TechFinitive joined the UK launch of the Lenovo Yoga Pro 9i (Gen 8), where we had a chance to play with the top-of-the-range laptop. One of Lenovo’s product managers talks us through the key features in the video below.
As mentioned above, it’s the display that stands out. You can choose between 14.5in and 16in versions, with mini LED technology available in both (there’s also a standard LCD version, so be careful which you choose).
Both mini LED panels offer a 165Hz refresh rate and a peak brightness of 1,200 nits, with superb levels of detail. Lenovo packs 3,200 x 2,000 pixels into the 16in version and 3,072 x 1,920 into the 14.5in panel.
There’s good news for film lovers, too, as it supports Dolby Vision and promises to cover 100% of the DCI-P3 gamut.

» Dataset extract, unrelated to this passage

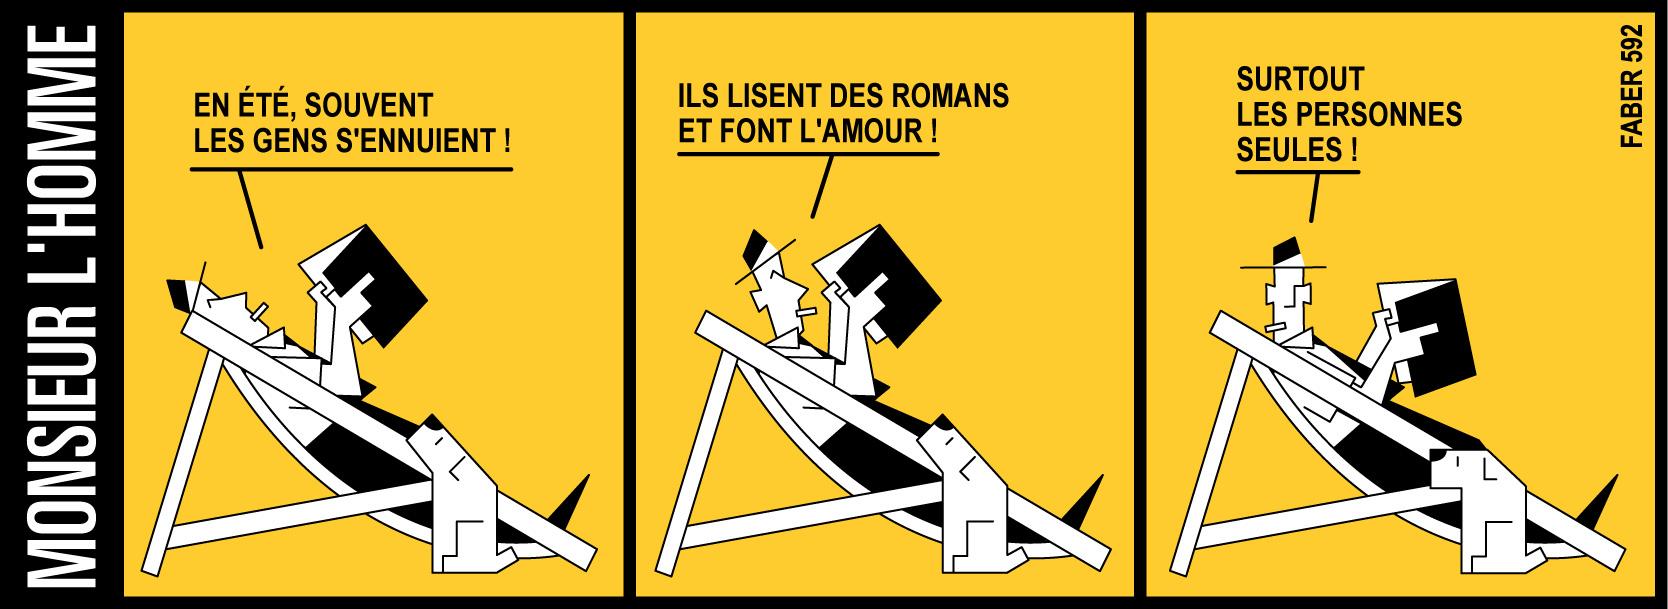 faire-amour-color.1217363709.jpg

Lenovo also claims 100% coverage of the Adobe RGB colour space.
Read our take on the latest Lenovo workstations, released in partnership with Aston Martin
Lenovo Yoga Pro 9i: key specs, price and availability
Both laptops are aimed at more demanding users, a fact reflected by the price and the internals. The cheapest models will start at €1,699 inc VAT (we await non-Euro prices), and that will include a Core i7-13705H processor, Nvidia RTX 4050 graphics and the LCD screen.
The Yoga Pro 9i will go on sale in May 2023.

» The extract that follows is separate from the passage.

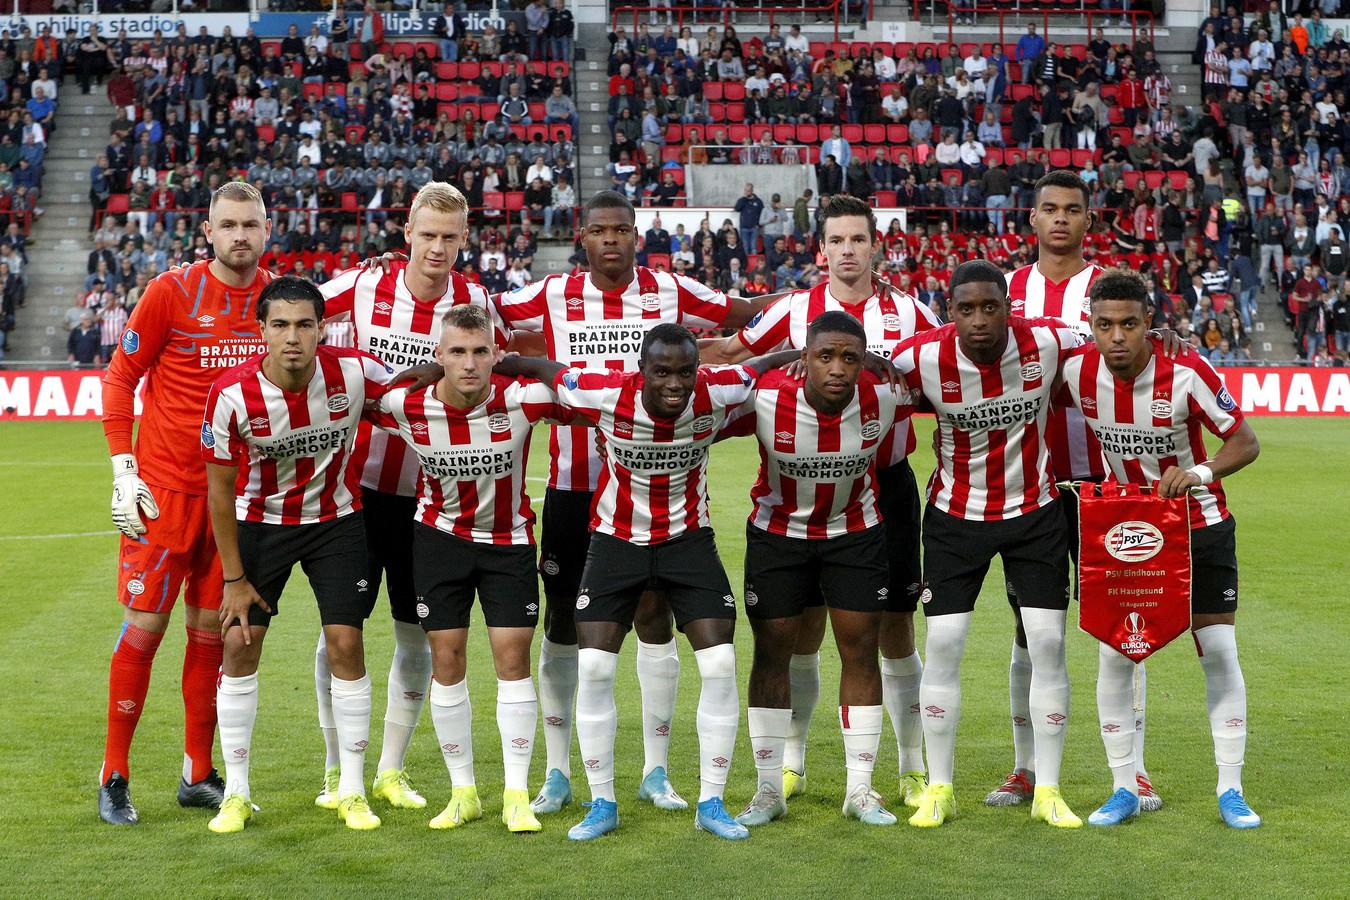 PSV voor de aftrap met FK Haugesund, een duel dat voor het publiek teleurstellend verliep maar de ploeg wel naar de volgende ronde bracht.

We expect to see Intel’s powerful Core i9-13905H in top-end models, along with 1TB PCIe Gen4 SSDs and RTX 4070 graphics. It also includes up to 64GB of memory, with 16GB the starting point.
With a 75Whr battery inside, we hope for between eight and ten hours of life. The 14.5in model is substantially lighter: 1.7kg versus 2.2kg for its big brother. Both measure around 18mm at their slimmest point.
First thoughts on the Yoga Pro 9i
To misquote Jerry Maguire, show me the screen. I’m already a big fan of mini LED technology, having seen it in a handful of laptops but more potently in this 27in Philips monitor. As I wrote in my review, which you can find in the current issue of PC Pro, it genuinely made me say “ooh” when I watched a nature documentary on it. Colours pop.
I was impressed by what I saw at the product launch, but now I want to get a unit in for a proper, detailed test. Can it live up to Lenovo’s ambitious claims for colour coverage? How will the screen affect battery life? These are the questions I need answered.
Another question concerns how well Lenovo can keep the components cool. A slim chassis and high-end graphics chips don’t always make for a happy coupling, so can this machine keep working at full pelt for long enough to satisfy gamers and creatives alike?
While I have questions, I’m genuinely excited by Lenovo Yoga Pro 9i. It’s part of a new breed of powerful workstation/gaming machines in a chassis that won’t weigh you down. Bring it on!